Toujours plus de pesticides dans les cultures françaises

Par Tiphaine Honoré  |   |  659  mots
Ce sont principalement les fongicides et les herbicides qui ont été davantage utilisés ces dernières années.
Le plan Ecophyto lancé en 2008 devait réduire de moitié le recours aux produits phytosanitaires en dix ans. C'est l'inverse qui se produit. L'utilisation de pesticides a augmenté de 9,4% entre 2013 et 2014 sur le territoire national.

Un constat d'échec. Les chiffres publiés mercredi 8 mars par le ministère de l'Agriculture montrent l'utilisation toujours plus massive des pesticides en agriculture. Entre 2011 et 2014, les statistiques font état d'une hausse moyenne de 5,8% avant de grimper de 9,4% entre 2013 et 2014.

Un bilan qui va à l'encontre des objectifs fixés en 2008 lors du Grenelle de l'Environnement, à travers le plan Ecophyto. Face aux dangers que représentent ces produits pour la santé humaine et l'environnement, rappelés en 2013 par l'Inserm, le ministère avait fixé un cap pour 2018 : réduire de moitié l'utilisation des herbicides, fongicides et insecticides, "afin de concilier performances écologiques et économiques".

Six ans plus tard, le volume en tonnes de ces "substances actives" vendues aux agriculteurs a augmenté de 16% entre 2013 et 2014. En moyenne, les tomates d'une exploitation sont traitées 12 fois par an, 35 fois pour les pommes.

Météo défavorable

Si dans l'entourage du ministre Stéphane Le Foll on reconnait, comme le rapporte Le Monde, que "les résultats ne sont pas bons", les membres du comité Ecophyto restent optimistes. Pour l'un d'eux, Didier Marteau, également secrétaire adjoint de l'Assemblée permanente des chambres d'agriculture, ces déboires ne sont pas à imputer à la mauvaise volonté des agriculteurs français mais à de multiples facteurs.

La météo a été très défavorable avec des hivers trop doux qui ont permis le développement de champignons et de maladies.

Ce sont en effet principalement des fongicides et des herbicides qui ont été davantage utilisés ces dernières années. Les conditions climatiques de 2014 "ont favorisé les maladies sur les céréales et les légumes, et les ravageurs ont été particulièrement présents sur le colza et en arboriculture fruitière" détaille le ministère.

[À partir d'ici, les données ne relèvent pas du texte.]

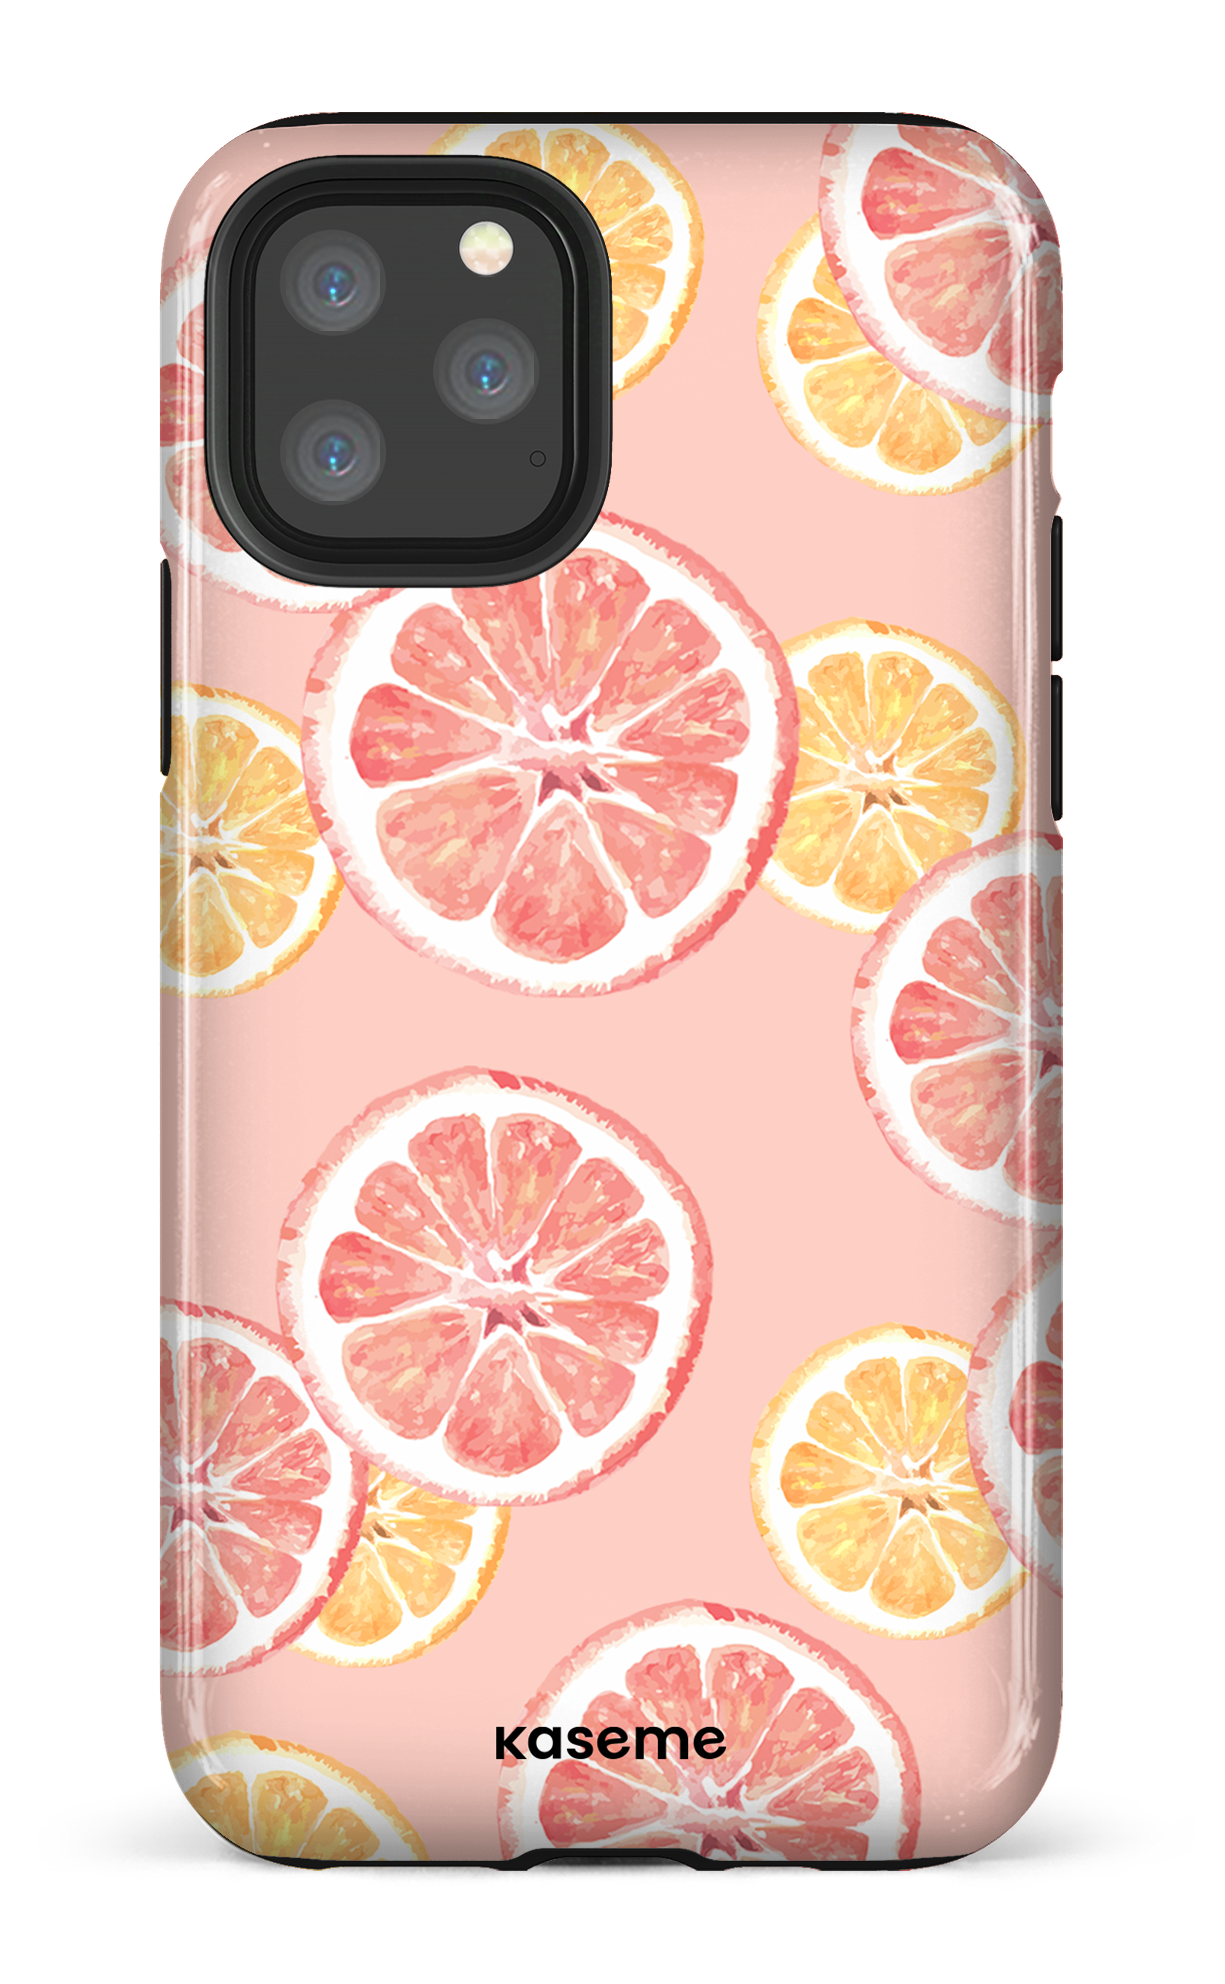 Pink Lemonade phone case - iPhone 11 Pro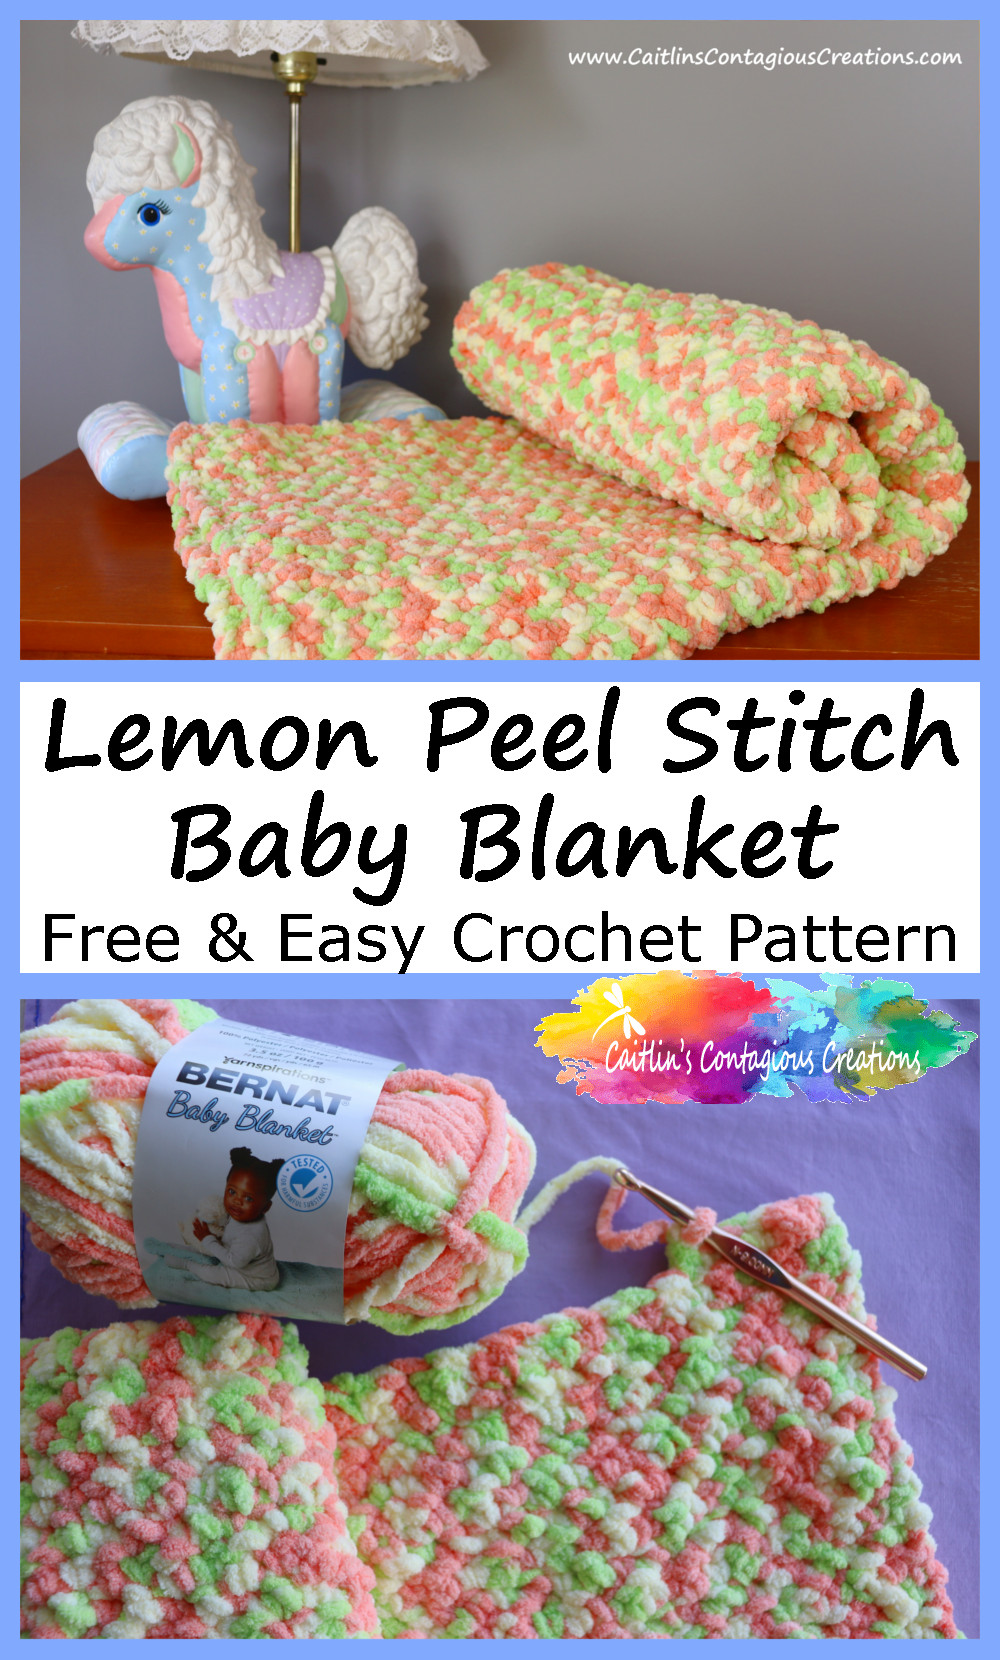 free super bulky baby blanket yarn and 9 mm crochet hook in use for lemon peel texture crochet pattern

Mais les températures ne sont pas les seules responsables de cet épandage massif. Les prix satisfaisants des céréales (environ 170 euros la tonne de blé) ont encouragé les exploitants à produire davantage :

"Les agriculteurs ne veulent prendre aucun risque et ont donc facilement recours aux pesticides pour garantir leurs rendements. [...] Dans certaines régions, on va également cultiver certaines semences qui ne sont pas forcément adaptées au climat ou au sol et qui vont demander plus d'intrants chimiques".

Le 2e plan Ecophyto surveillé de près

Dans ce contexte, le plan Ecophyto II, qui doit être appliqué au printemps prochain, est surveillé de près. Ce deuxième volet a d'ores et déjà repoussé l'objectif des 50% de pesticides en moins à 2025. Le nouveau dispositif doit néanmoins réduire leurs ventes à la source en établissant un Certificat d'économie de produits phytopharmaceutiques directement avec les fournisseurs. Un objectif de réduction sera fixé pour chaque distributeur pour limiter "l'utilisation, les risques et les impacts".

L'augmentation de l'épandage de pesticides montre qu'il est urgent d'appliquer ce nouveau plan, prévient  Denis Voisin, porte-parole de la Fondation Nicolas Hulot. Il faut une volonté politique forte pour changer les mentalités et les pratiques des filières.

A travers son réseau de fermes Dephy, le ministère de l'Agriculture a lui même prouvé que des méthodes moins gourmandes en pesticides et aussi rentables étaient possibles. Sur les 1 900 exploitations du dispositif, mis en place en 2012 pour expérimenter des modèles tournés vers l'agro-écologie, les recours aux pesticides ont été largement réduits : 10% de moins sur les grandes cultures, 12% en viticulture et 38% de moins en horticulture en deux ans.

Face à ce succès, Dephy devrait s'étendre dès cette année à plus de 3 000 fermes. Reste à en tirer les enseignements pour les appliquer de manière plus généralisée. "Il faudra que cela se couple à un meilleur accompagnement des agriculteurs et davantage de conseils par des ingénieurs pour mieux traiter les problèmes agronomiques" ajoute Didier Marteau. L'enjeu est de taille pour la France, deuxième consommateur de produits phytosanitaires en Europe, derrière l'Espagne.